Он взглянул на ее губы.

– Нет, ничего подобного. Если бы закончилось, наши с тобой редкие встречи не были бы такими мучительными.

– Просто дело в том… – Пенелопа умолкла. Было совершенно очевидно, что он прав.

– То, что у нас с тобой было, Пенелопа, – такое никогда не кончается. И я по-прежнему все время о тебе думаю. – Его пальцы перебирали ее волосы, а голос сделался совсем низким. – И разве не обо мне ты думаешь, находясь в постели с каким-нибудь мужчиной?

– Не о тебе, – прошептала она, конечно же, солгав.

– Вруша, – сказал он с улыбкой.

Теперь они сидели так близко друг от друга, что Пенелопа ощущала жар его тела.

– И ты ведь думаешь обо всем том, что я нашептывал тогда тебе на ушко, верно? – продолжал Эван.
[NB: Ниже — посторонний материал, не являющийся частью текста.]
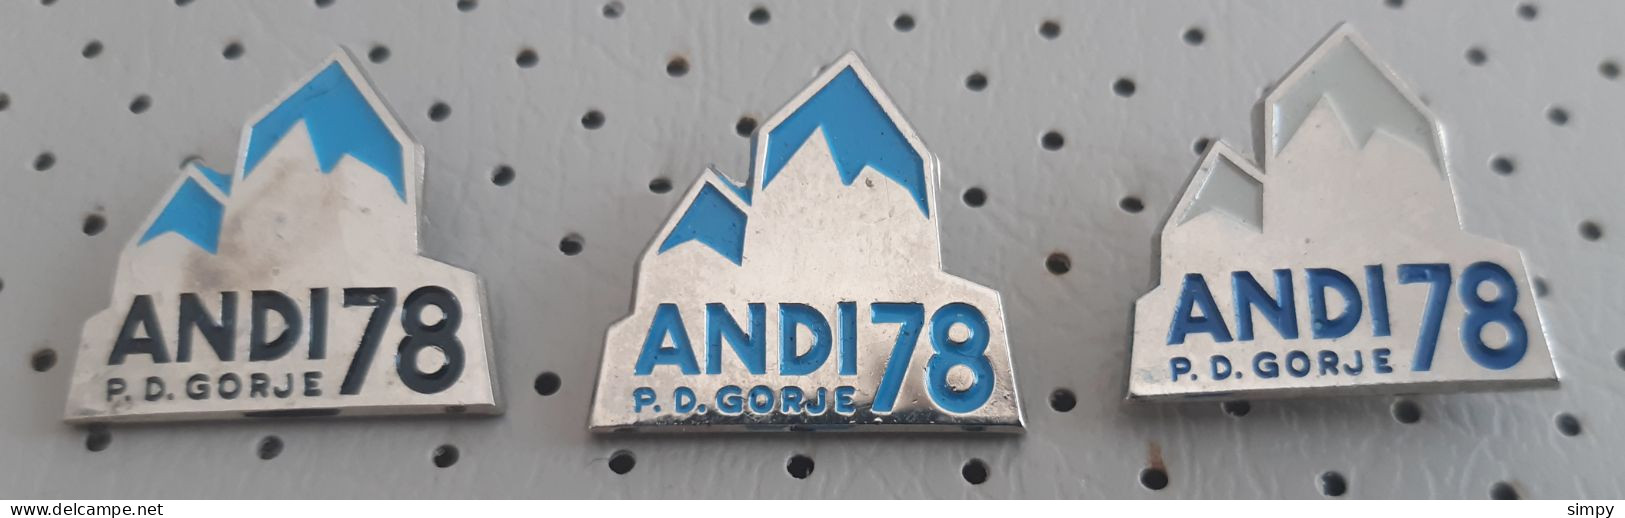 Yugoslav Expedition ANDES 1978 PD Gorje Slovenia Alpinism Mountaineering Pins - Alpinismus, Bergsteigen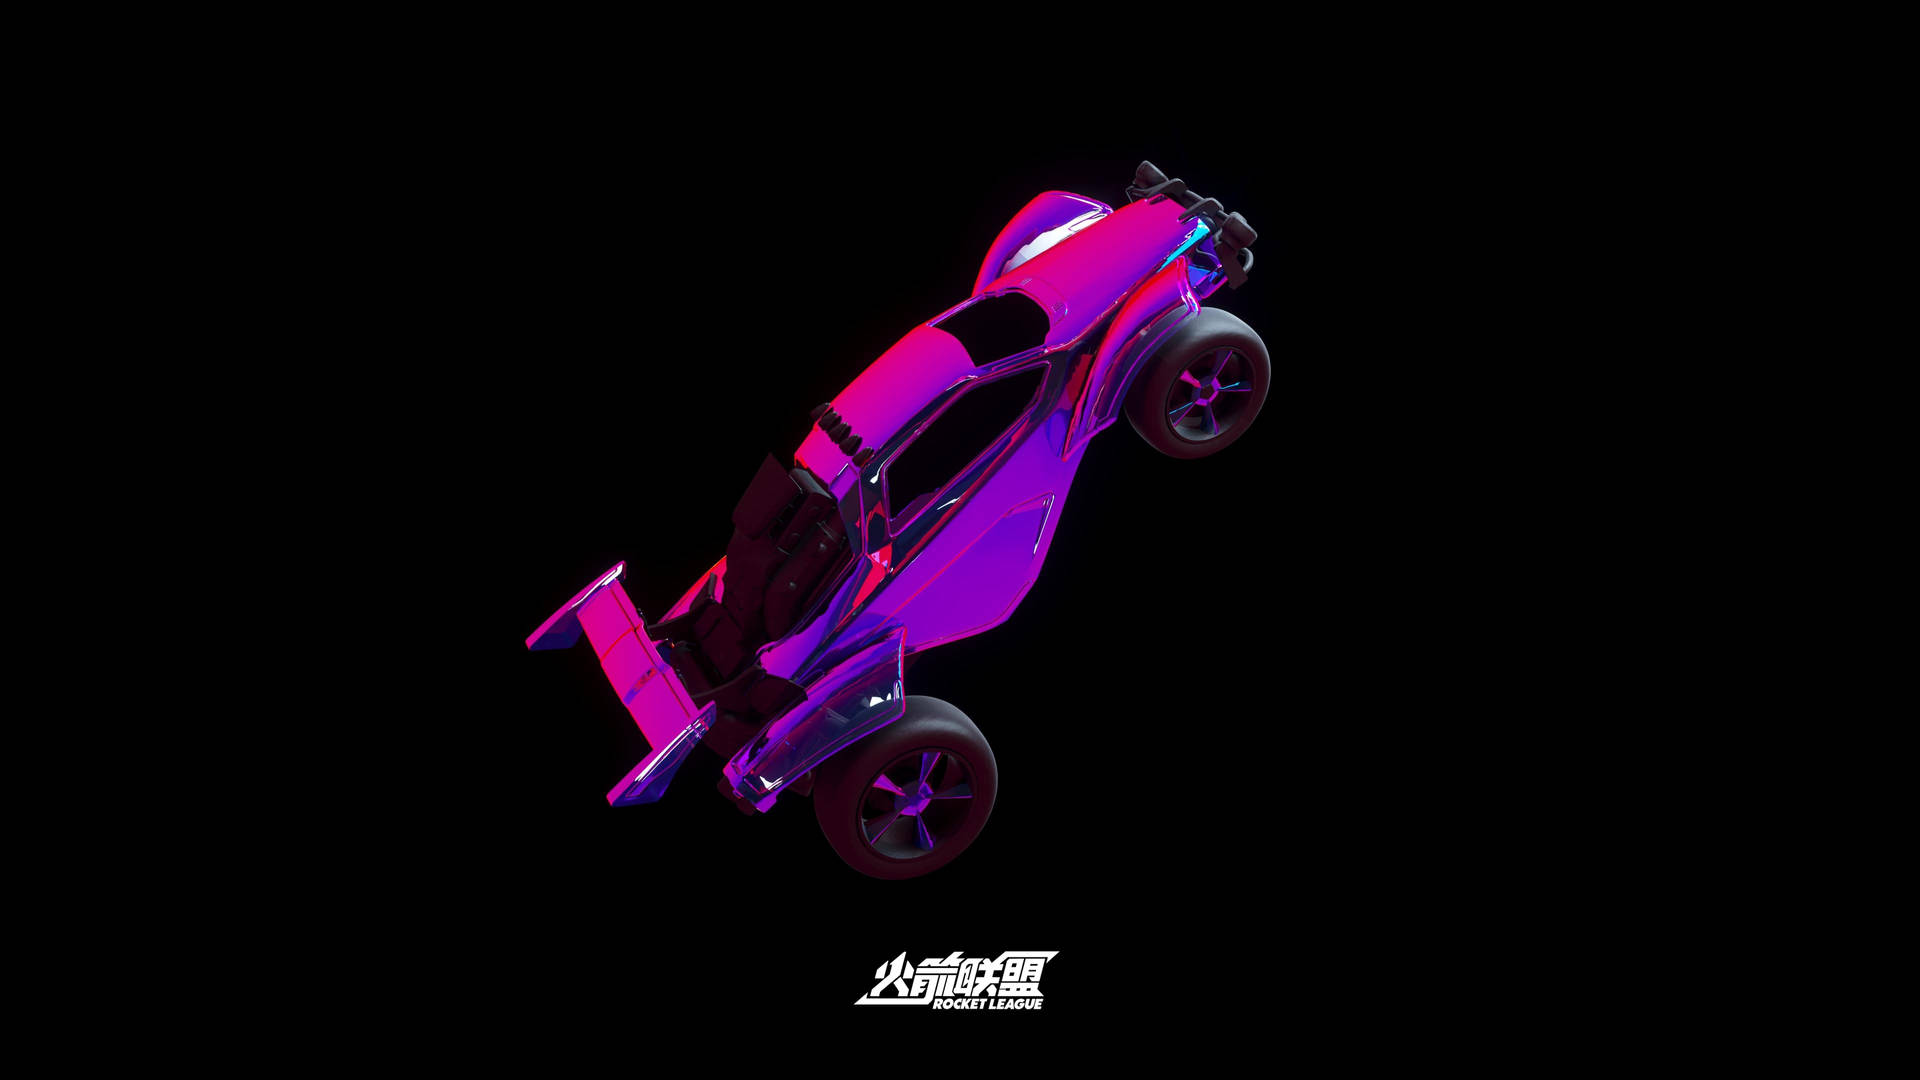 Cool Rocket League Pink Dune Racer Car Wallpaper

– О, не надо… – пробормотала она с мольбой в голосе. – Пожалуйста, не надо… – Пенелопа тихонько всхлипнула – в точности так, как когда-то много лет назад.

А он провел ладонью по ее волосам и, взяв за подбородок, заглянул ей в глаза.

– Пен, ты должна понять то, чего никогда не понимала. Я обладаю над тобой точно такой же властью, какой ты – надо мной.

Она в отчаянии помотала головой.

– Нет, нет!

– Да, Пен, да.

Тут Эван отпустил ее, и ей ужасно захотелось вцепиться в него – как когда-то. Но Пенелопа заставила себя отодвинуться от него как можно дальше.

– Тебе, наверное, пора идти… – сказал он почти шепотом. И было ясно, что ему очень не хотелось ее отпускать.

Пенелопа молча открыла дверцу. Она уже почти выбралась из машины, но внезапно замерла, потом обернулась. О боже, она не хотела уходить! Ужасно не хотела… Но как же так?.. Пора положить конец этому безумию! Пора вернуть все на свои места.

Собравшись с духом, Пенелопа проговорила:

– Не знаю, что за игру ты ведешь, но лучше держись от меня подальше.

Глядя на нее в упор, Эван отрицательно покачал головой.

– Нет.

– Я говорю серьезно. Больше не остаемся наедине, ясно? И больше никаких глупостей. А то, что происходит сейчас… – Она помолчала. – Такое больше не должно повторяться.

– Сколько бы ты ни говорила это, Пен, я тебе не поверю. Да ты и сама себе не веришь.

Ей хотелось громко завизжать, хотелось все отрицать, но какой смысл? Он ведь все прекрасно знал и понимал. Сделав над собой усилие, Пенелопа как можно спокойнее проговорила:

– Да, ты можешь заставить мое тело откликнуться, но это еще не значит, что ты мне нравишься. Ты мне неприятен, Эван. Моя неприязнь к тебе – уже давняя, и я не думаю, что в этом смысле что-нибудь может измениться.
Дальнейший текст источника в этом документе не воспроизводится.